While I would never advocate shooting someone with a slingshot, it's hard to not sympathise with this man and his ordeal (unfortunately these sort of situations are far from uncommon.) I am very, very happy that the judge was fair and this case has restored a little bit of the faith I once had in my country. Long live the queen!


----------



## Trent (May 30, 2010)

Why did he get a sentence of community service for defending himself and his property? I don't understand that part? Where I live he could have shot them and nothing would have happened to him.

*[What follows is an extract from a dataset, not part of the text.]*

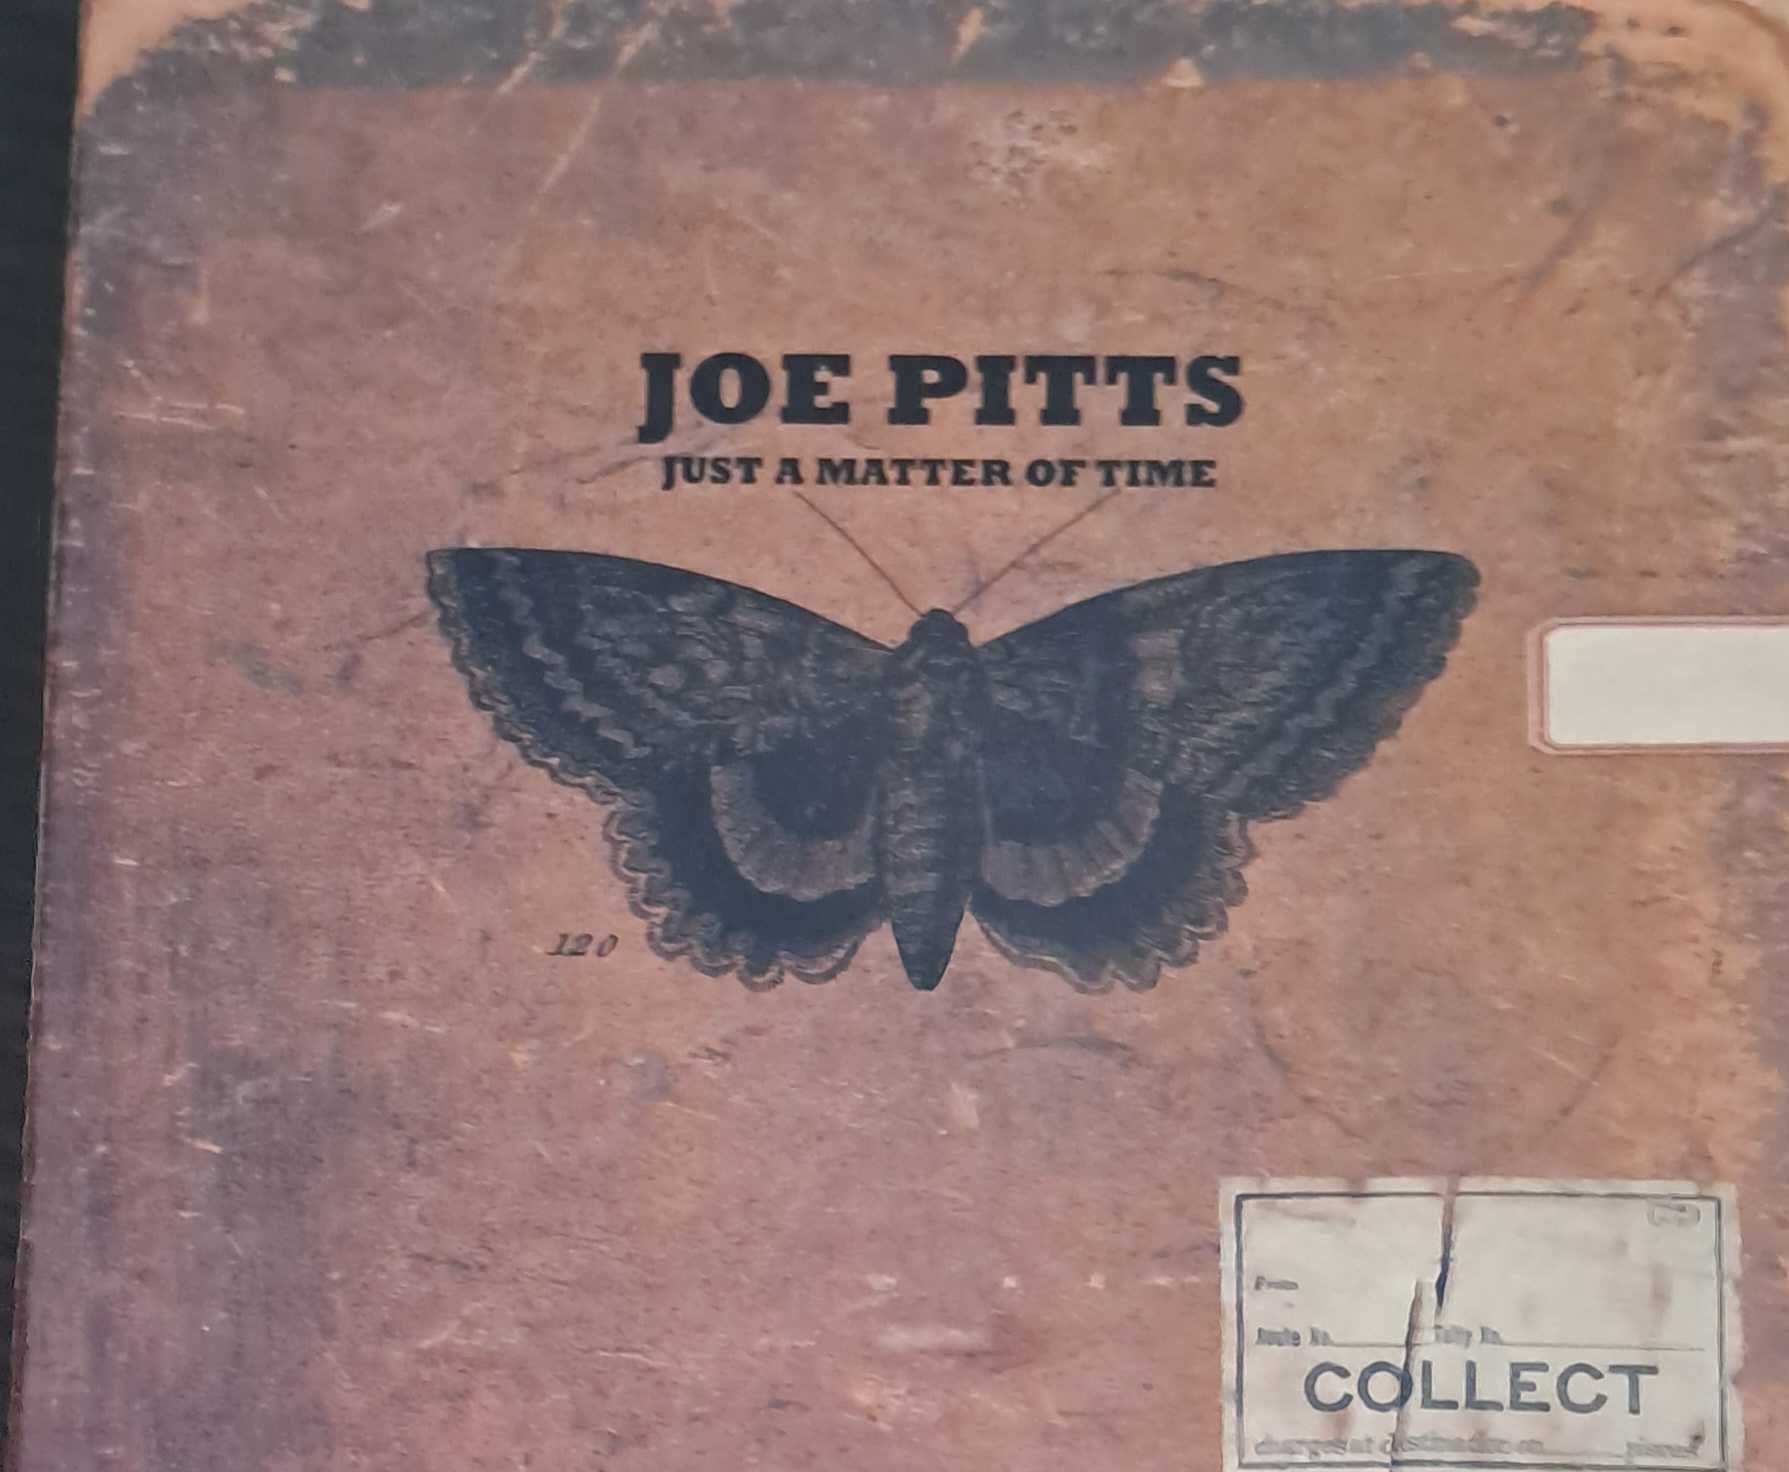 Joe Pitts - "Just a matter of time"

The judge would have sentenced the kids and told them the man could have used deadly force against them and it would have been legal in the eyes of manmade laws.


----------



## USASlingshot (Feb 25, 2010)

Trent, he got it because in the beggining he pleaded guilty to the charged


----------



## Pro-Shot (UK) Catapults (Apr 21, 2010)

joseph_curwen said:


> in my opinion, the persons who have to be declared guilty are the parents, and should be punished for not taking their responsability with their children.
> 
> People now rely on shool and police to learn the rules of the society to young people, it is a huge mistake, and a pity.
> 
> Just my opinion, and hope my english is good enough to mean what i want to mean


Well its not just your opinion?a lot of people do not take the time to install into ther kids the basic rights and wrongs.
a good bringing up starts in the home.


----------



## Marbles (Jan 23, 2010)

http://www.hgwt.com/flash.html


----------



## NoSugarRob (Jun 3, 2010)

I had my volume turned right up man. scared the livin daylights outta me !


----------



## Marbles (Jan 23, 2010)

OOOOOPS !


----------



## ZDP-189 (Mar 14, 2010)

While in my opinion what he did was neither smart, nor laudable; the real hero of this story was the civil suit judge who ruled with reason.


----------



## joseph_curwen (Feb 8, 2010)

ZDP-189 said:


> While in my opinion what he did was neither smart, nor laudable; the real hero of this story was the civil suit judge who ruled with reason.


----------



## NoSugarRob (Jun 3, 2010)

ZDP-189 said:


> While in my opinion what he did was neither smart, nor laudable; the real hero of this story was the civil suit judge who ruled with reason.


agreed


----------